Your instructions: In the material below, pictures must be dropped. Repeat exactly, and only, the lines from the line with "szemüveg árak versek" to the line with "Dickies Mens Tactical Softshell Jacket Big", both ends included.

===== Working data

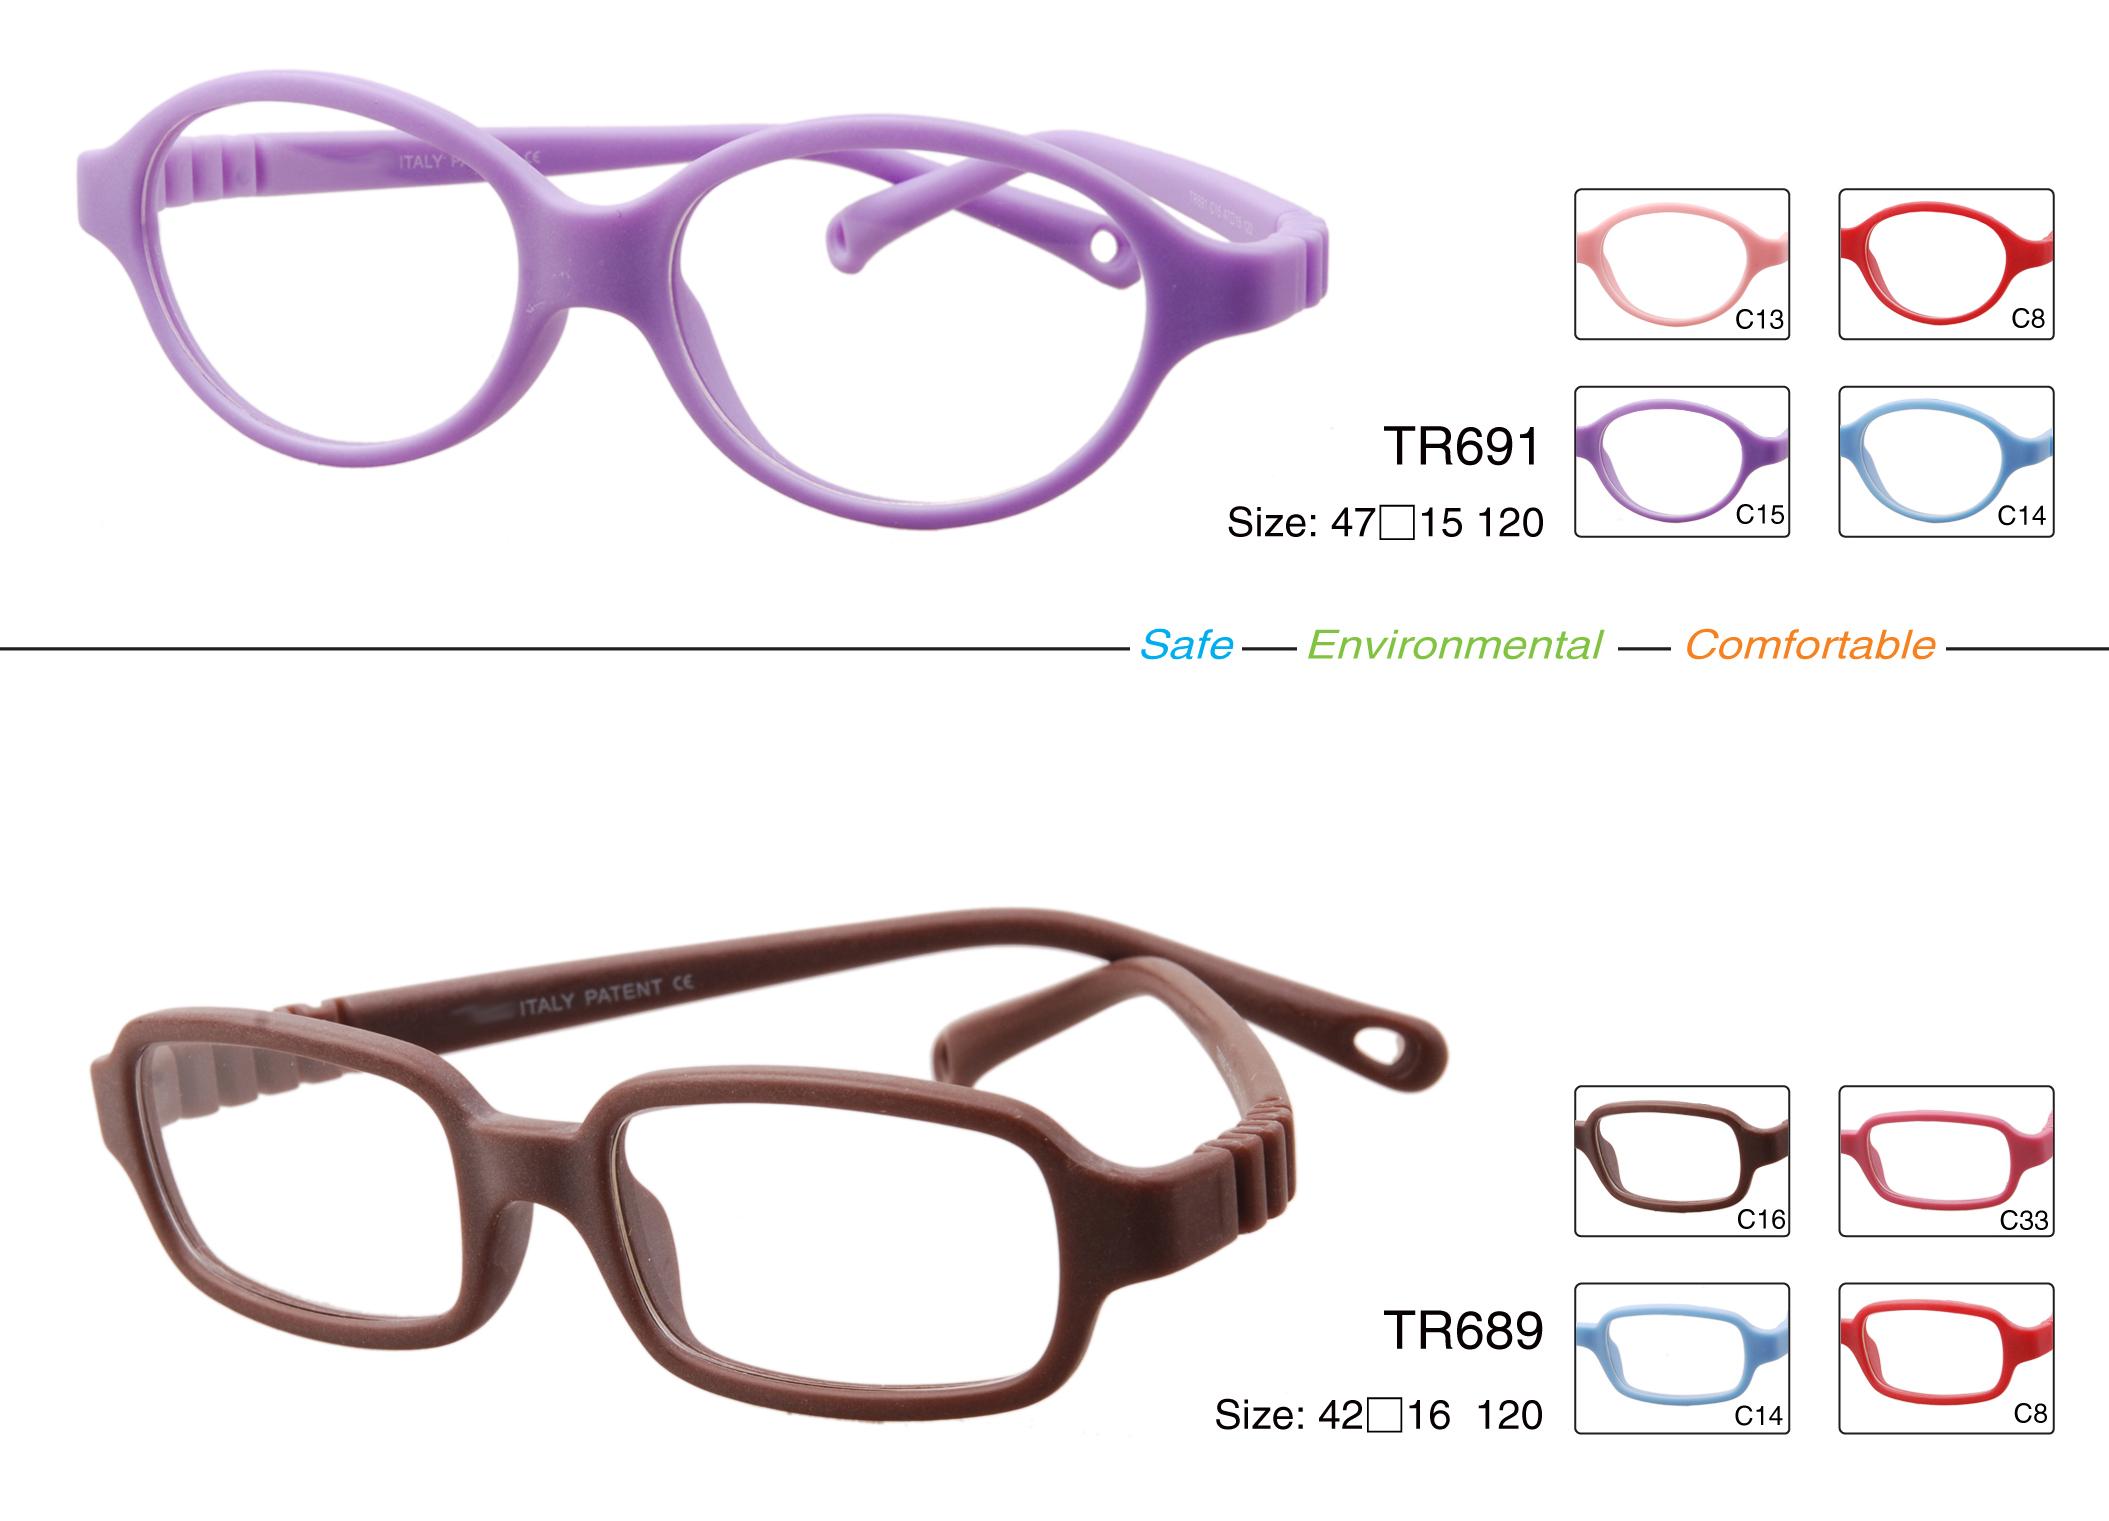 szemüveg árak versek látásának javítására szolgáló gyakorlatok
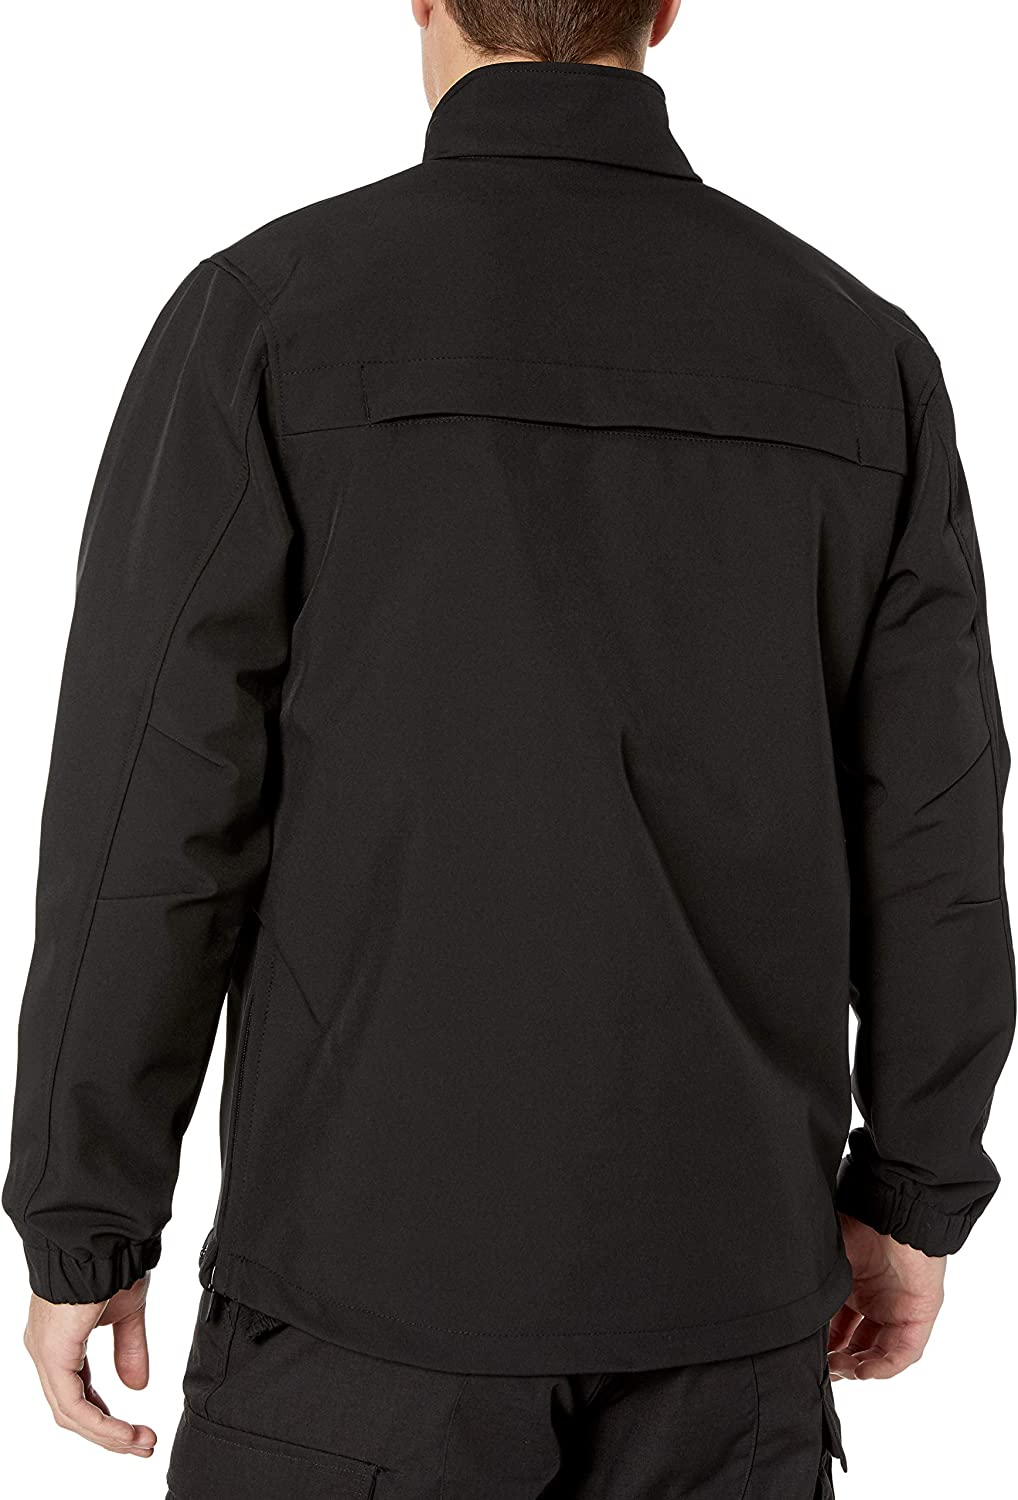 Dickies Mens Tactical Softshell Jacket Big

==========
===== Working data

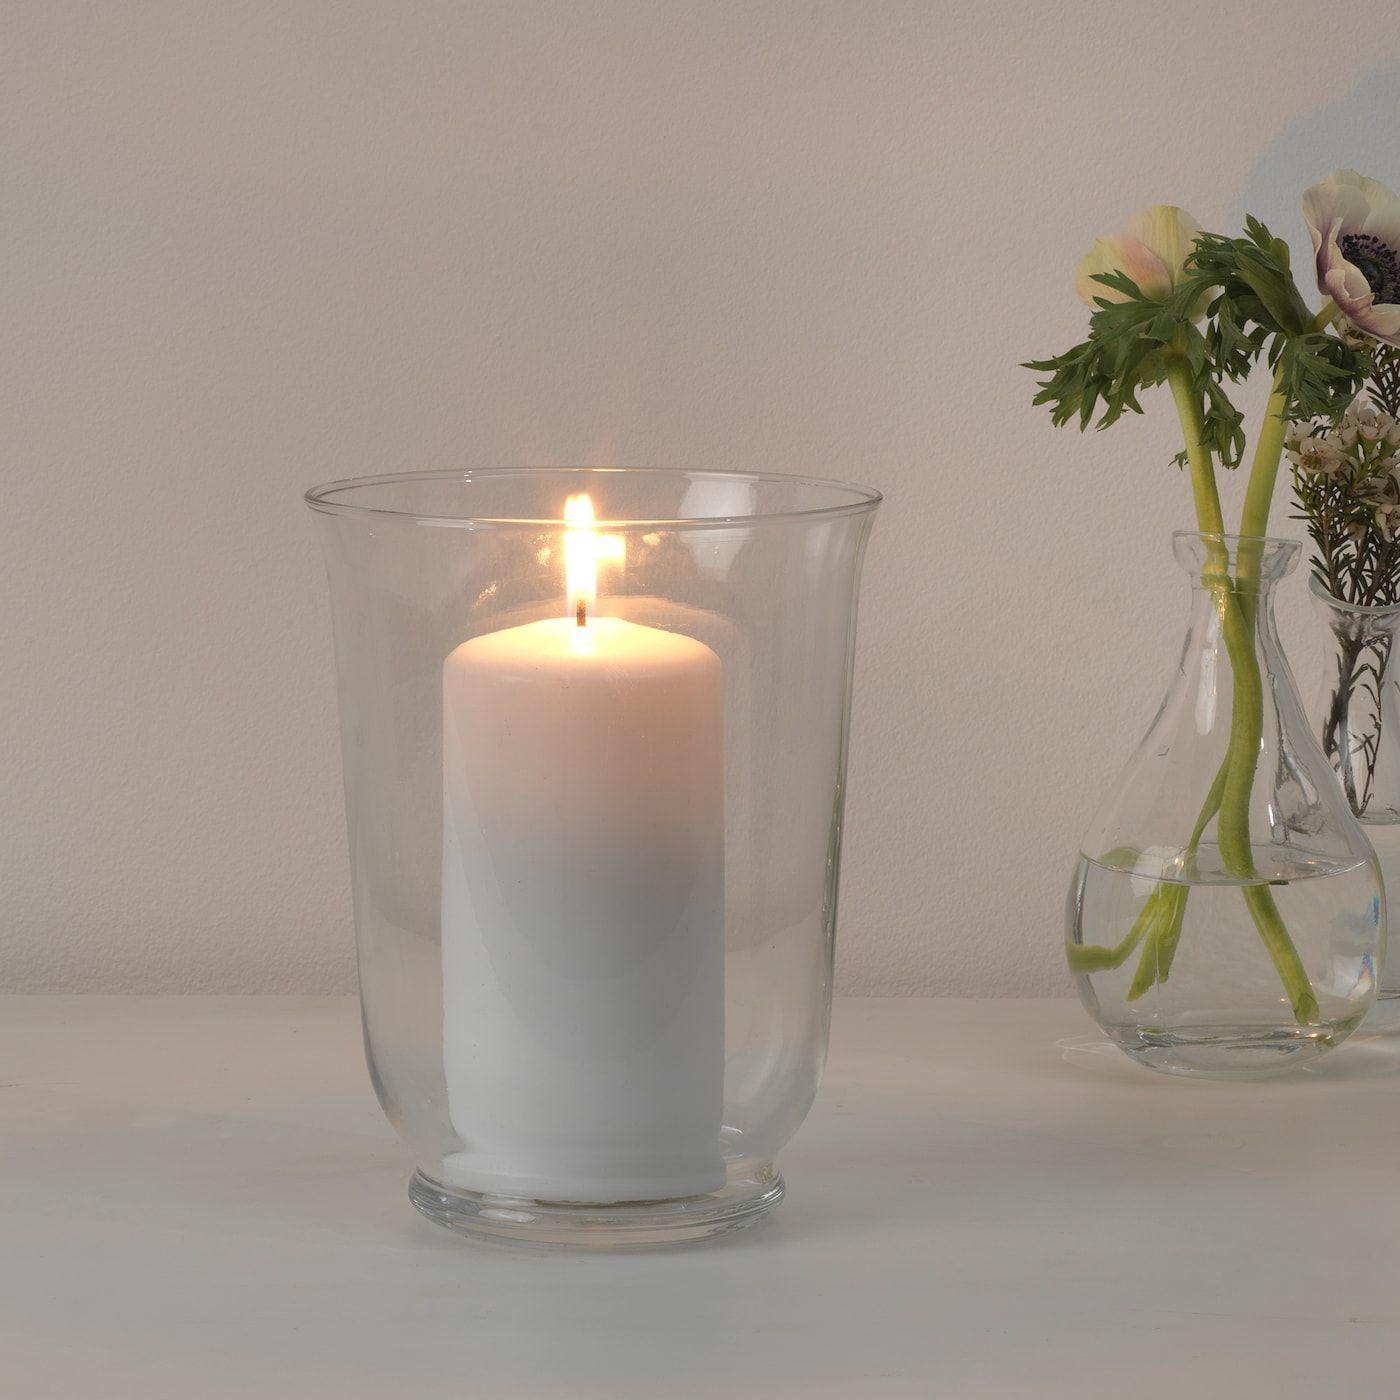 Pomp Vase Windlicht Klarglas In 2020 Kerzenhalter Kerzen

==========

Exercise output:
 szemüveg árak versek látásának javítására szolgáló gyakorlatok
 Dickies Mens Tactical Softshell Jacket Big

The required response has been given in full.